Less than three. <3. Heart. Love. Iconic. Cliche? Not when it comes to Shawn Zeiger’s show at The Firm in Georgetown in South Seattle. Shawn has taken the heart and shown us a multitude of ways to feel. Drugged, velvety, crushed, broken, wrapped, confined, protective, lost, found, tempted and adored. I saw the work yesterday, a week after the opening. Running into Steve Withycombe at All City Coffee gave me a chance to visit the show. Iconic, solid, fluid, stunning, the hearts told all sorts of stories. All but one are titled with a date from what each experience means for Shawn. I wondered about the experiences, but enjoyed relating to them without knowing. I took a few photographs and soon left for an integrated massage, as I have been having lower back problems for the last six weeks. During my treatment, the subject of the metaphorical heart came up, about letting go, holding on, what’s important, what’s necessary, other grand notions of being human and a variety of losses and gains life has in store. I shared the photographs with my practitioner, she too was in awe. Today, I received a text from my Dad that my Grandfather was in the hospital. Thinking of him, he’s 91, I get nervous, those dreadful thoughts, I haven’t visited enough, I forgot to Skype him this week, what if…? Immediately I called Dad and asked to talk to Grandpa. He said it might be heart failure, but they won’t know until tomorrow. So now I wait. Heart failure seems so out of our control, it is, and when one has lived for over 90 years is there an acquiescing in the end? I don’t think so. I want to believe it’s not the end, my heart isn’t ready for this sort of failure. This type seems different than lost or broken love, different in that I wonder as humans if we make choices in our relationships, for when they start and end. But maybe we don’t, perhaps I could learn something from Shawn’s hearts, the love for my Grandfather, and from his real heart. Such a mystery how it pumps blood to live, such a mystery how it falls, flails, and fearlessly engages in the act of loving and letting go.
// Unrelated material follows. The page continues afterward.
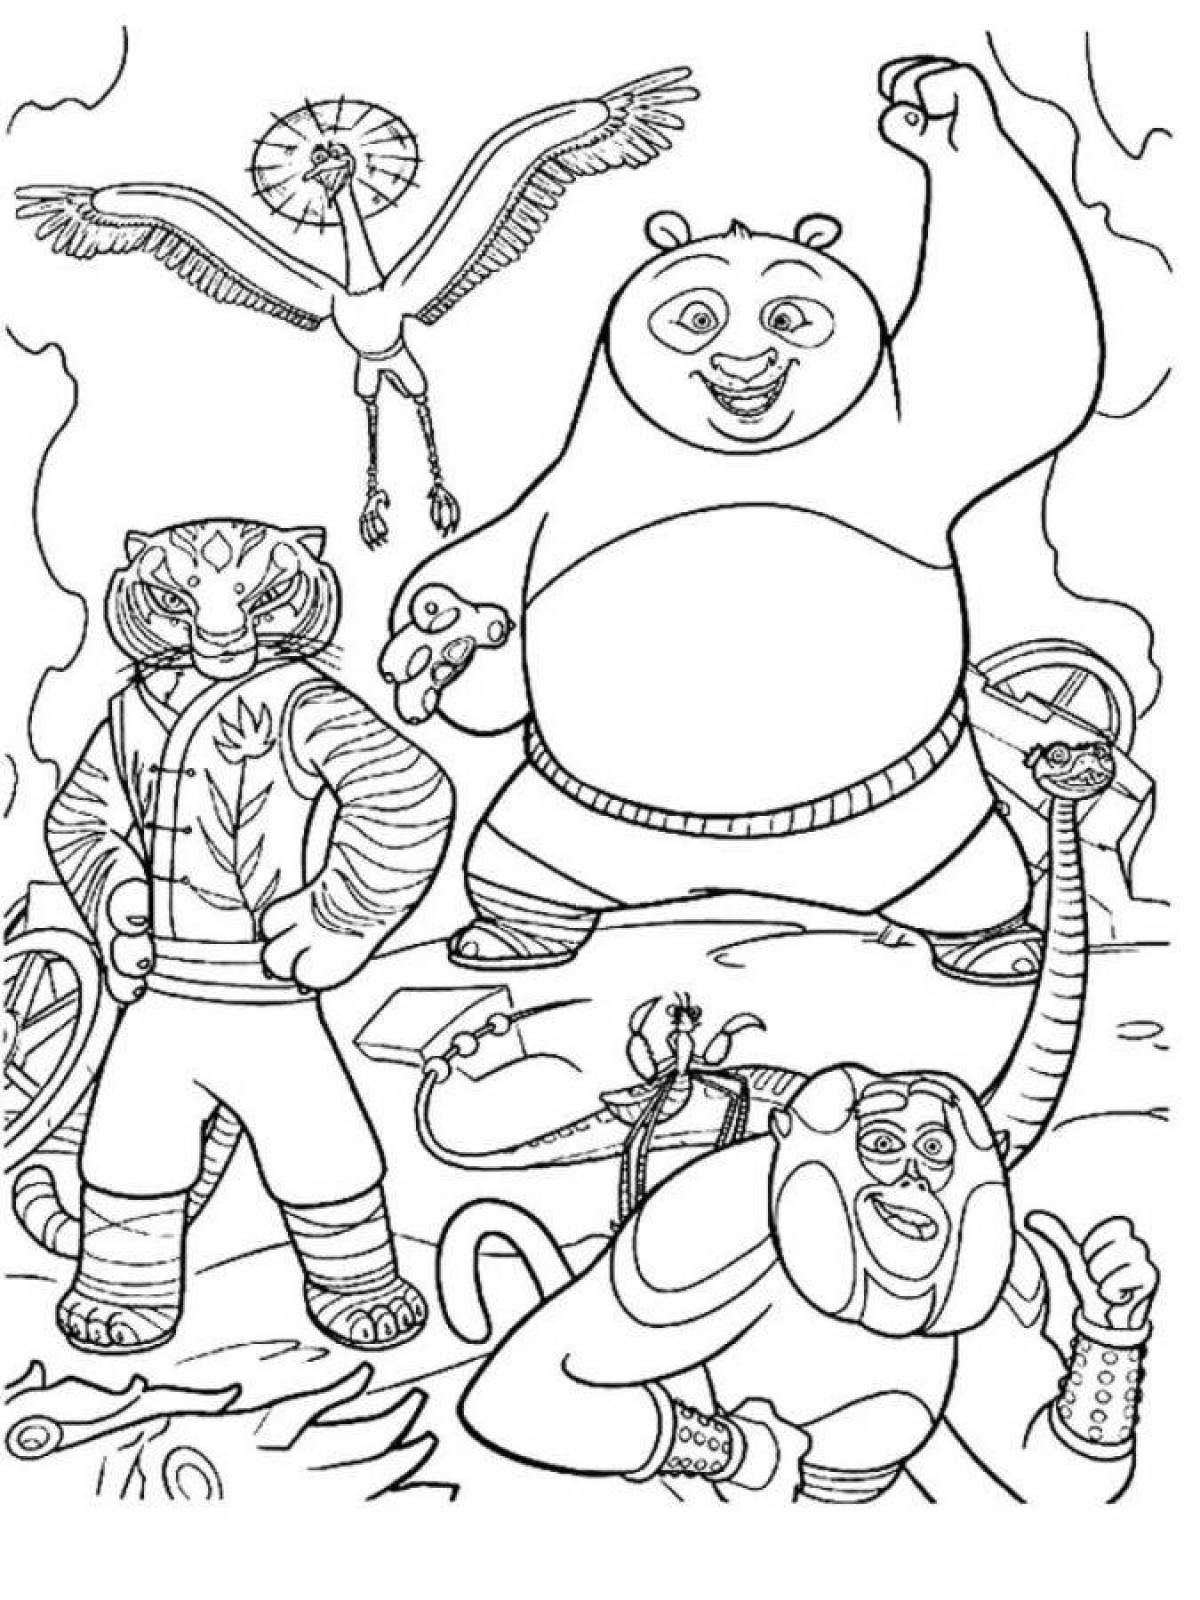 Kung fu panda #19

Come and see the work by appointment through The Firm or Z-one-05. Steve Withycombe, Trey Jones and Chris McMullen co-own The Firm with Michele McMullen as curator. It runs through March with a second opening during the next Art Attack in Georgetown, March 12th, 2011.
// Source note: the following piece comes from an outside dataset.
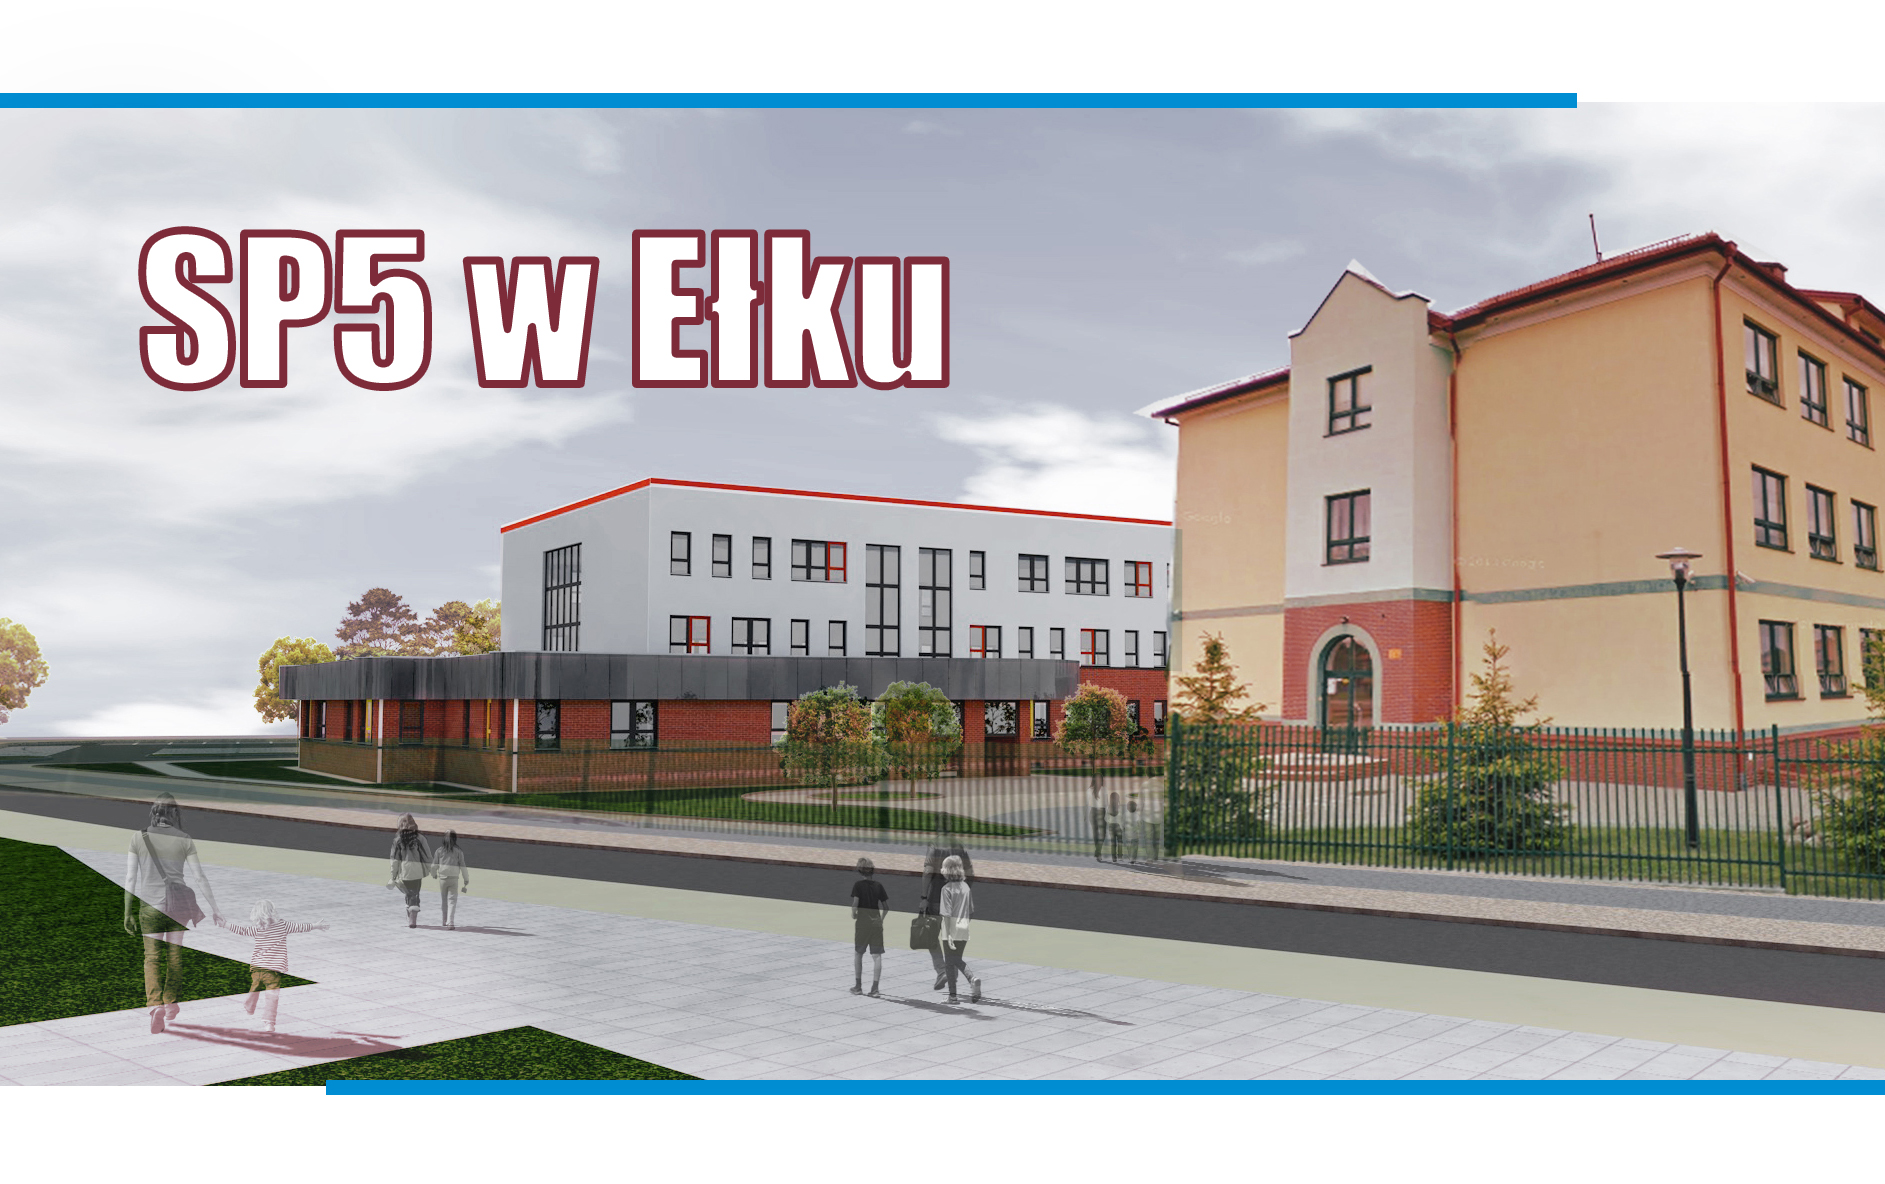 Rozbudowa Szkoły Podstawowej nr 5 w Ełku

Erin Toale, artist and curator who now resides in Chicago to earn a masters degree, organized a print exchange for almost 20 folks. Artists from the east and west coast will be mailing prints to each other and I am so excited to be a part of it. Here’s a peak at what people will receive from me.
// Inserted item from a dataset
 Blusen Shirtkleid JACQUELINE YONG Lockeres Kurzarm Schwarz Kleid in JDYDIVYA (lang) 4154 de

I am trying to make a dozen. Below is a real potato and a clay potato side by side.
Both are real, cialis but only one is edible.
Check out the latest studio visit in the series on the CAB.
Uh, yeah, am I crazy for doing so much? Uh why yes Ms. Shafkind, we believe you are. She talks to herself and writes in the 3rd person.
This Thursday, come check out an interactive installation at the TK Building in Pioneer Square on Gallery 40, Post on Your Wall. More info coming soon.
And then the following week: 2 shows –
SOIL Auction, see below for my contribution. These mugs are from my performance piece at On the Boards, My Life in Pictures, most people don’t know that I was a child actor in the late 70’s and early 80’s.
And opening October 15th, Picture Us, a show of work from the faculty at the Photo Center Northwest.